Applying regression analysis for model development (Nwaogazie 2011) with respect to prediction of heavy metal concentration, a majority of the models developed by applying the quadratic approach tended to be superior to the linear equivalent judging from the MSE, goodness of fit, and R2 values (see Table 9). A total of eight models were developed and ranked in the order of superiority, and the applicable variables (dependent and independent) were the extracts from the PCA after varimax rotation (see Table 8). The models serve a useful purpose in forecasting the concentration level of any metal, say, honey given those of bitter leaves and cassava tuber (Table 9).

Exposures to mixtures may synergize or may be an additive, thus leading to adverse health effects exceeding those noted upon exposures to a single pollutant (Calderon et al. 2003).

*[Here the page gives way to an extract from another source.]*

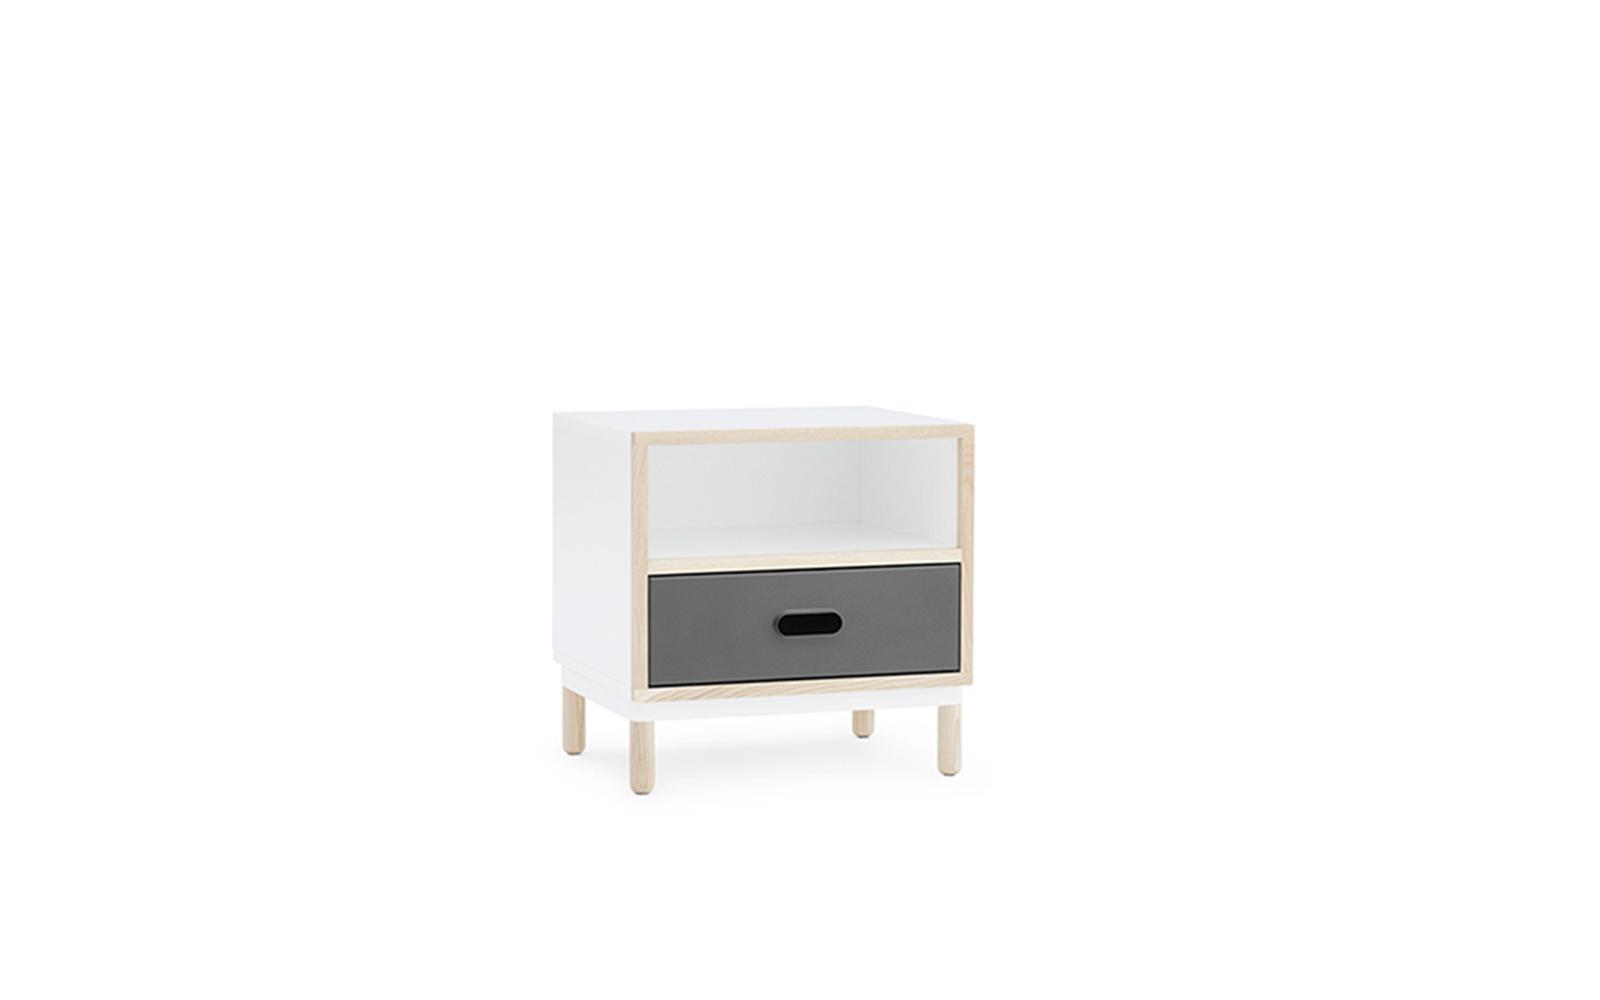 Kabino bedside table – a versatile urban storage piece

Although low doses of a single metal may not cause health effects, metal mixtures may present increased health risk (Calderon et al. 2003) and the USEPA recognizes this as a key gap in metal risk assessment (Abboud and Wilkinson 2013).

Conclusion

Results of non-carcinogenic and carcinogenic risk assessments of metals in V. amygdalina and M. esculenta samples from both rural and urban communities of Enugu State, Nigeria, were not within a safe range and may pose a public health concern. We recommend population-based biomonitoring of these heavy metals and advice physicians to consider a possible role of these heavy metals in the diagnosis and management of various diseases including cancer.